Peran serta masyarakat sangat diperlukan dalam pengelolaan wilayah pesisir karena akan menghasilkan kebijakan yang disesuaikan dengan potensi, aspirasi dan kepentingan masyarakat. Kebijakan yang berbasis pada potensi masyarakat akan mendorong keterlibatan masyarakat dalam pemanfaatan dan perlindungan sumber daya alam. Selain itu juga memberikan keuntungan ganda, yaitu: pertama, dengan mengakomodasi aspirasi masyarakat maka pengelolaan wilayah pesisir akan menarik masyarakat sehingga akan mempermudah proses penataan. Kedua, memberikan peluang bagi masyarakat untuk ikut bertanggung jawab atas kelestarian dan keamanan pesisir dan laut. Pemerintah harus mulai mengubah sikap dengan memberikan tanggungjawab kepada masyarakat untuk ikut terlibat dalam perencanaan hingga monitoring kegiatan. Pelibatan masyarakat yang bersifat tidak partisipatif dan tidak diikuti dengan pemberian wewenang tidak akan bermanfaat dalam peningkatan kinerja suatu program.

Dalam pengelolaan wilayah pesisir, pemerintah dapat memanfaatkan kearifan-kearifan lokal yang ada di masyarakat. Di beberapa desa di Kecamatan Batang, Kandeman, Tulis dan Gringsing telah terbentuk kelompok-kelompok masyarakat pengawas sumberdaya perikanan dan kelautan. Pemerintah dapat bekerjasama dan melibatkan kelompok-kelompok masyarakat ini dalam kegiatan pengawasan terhadap pemanfaatan sumberdaya di wilayah pesisir. Keberadaan sistem pengawasan yang efektif merupakan syarat utama keberhasilan pengembangan masyarakat sebagai bagian dari pengelolaan wilayah pesisir dan laut.

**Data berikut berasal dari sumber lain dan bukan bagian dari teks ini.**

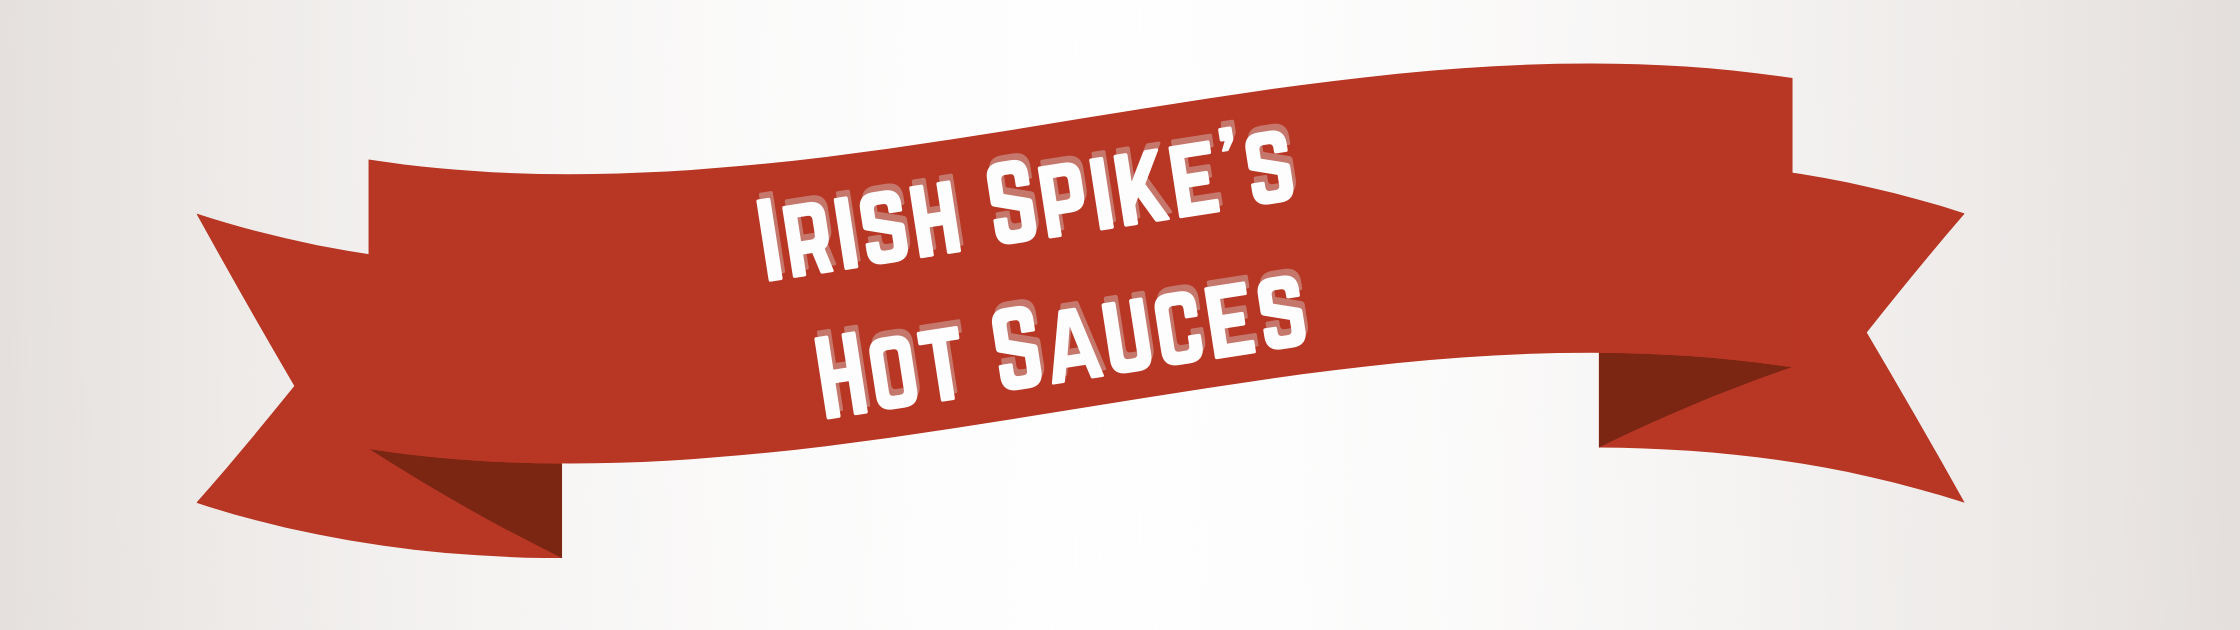 Irish Spike's Hot Sauces on a red holiday banner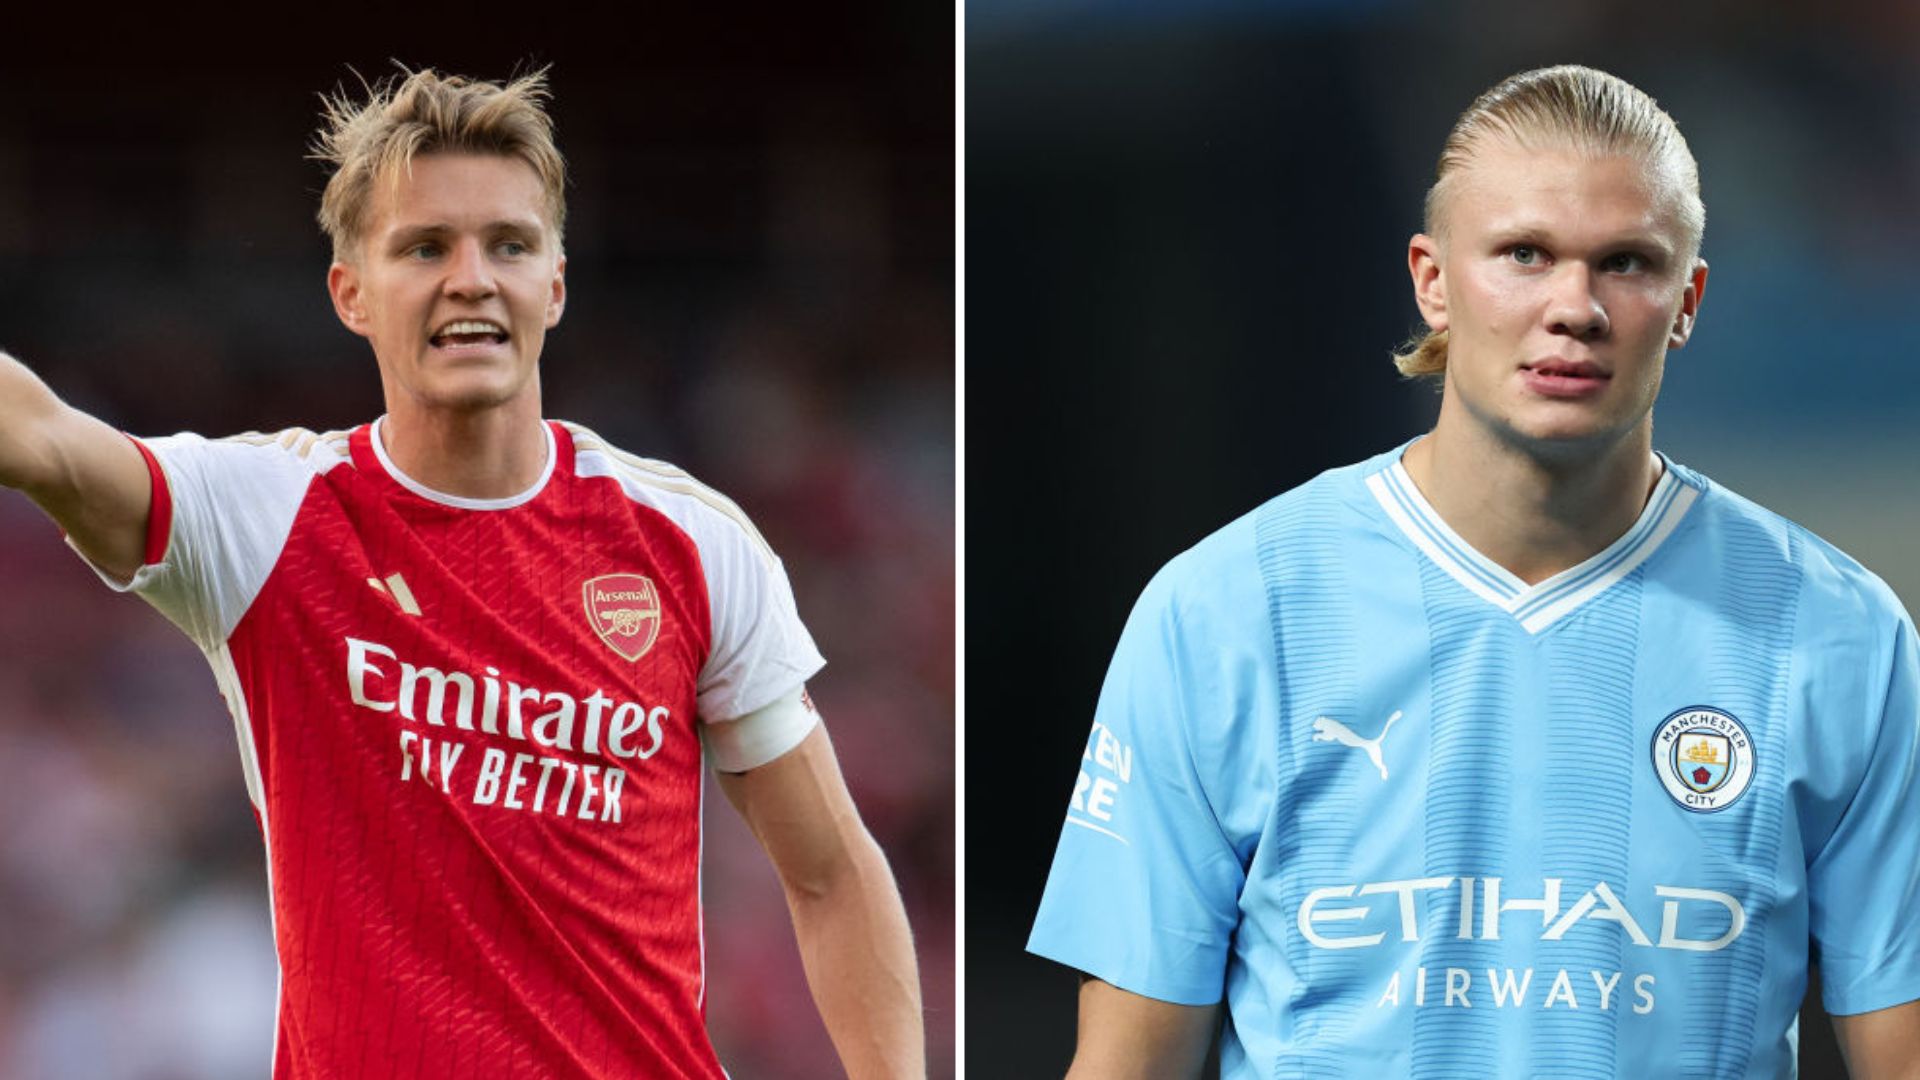 Arsenal vs Manchester City live stream, match preview and kick-off time for the Community Shield

c. Ketersediaan dan kemudahan mengakses informasi bagi masyarakat

Informasi merupakan salah satu aspek penting dalam pengembangan masyarakat pesisir sebagai bagian dari pengelolaan wilayah pesisir dan laut. Ketersediaan informasi mengenai potensi dan perkembangan kondisi wilayah dan sumber daya alamnya sangat berharga untuk penyusunan kebijakan, program dan kegiatan di wilayah tersebut. Hasil analisis pemahaman masyarakat menunjukkan bahwa sebagian besar masyarakat tidak mengetahui kebijakan yang telah ditetapkan oleh pemerintah.

Agar pengelolaan wilayah pesisir dapat berjalan optimal, maka pemerintah harus lebih terbuka dan memberikan kemudahan untuk mengakses informasi bagi masyarakat. Pemerintah juga harus lebih mensosialisasikan kebijakan yang sudah dibuat kepada masyarakat. Ketersediaan informasi pada masyarakat umum dan kejelasan mengenai berbagai kebijakan/peraturan merupakan salah satu indikator pelaksanaan kegiatan pengelolaan sudah sesuai dengan prinsip-prinsip tata kelola yang baik.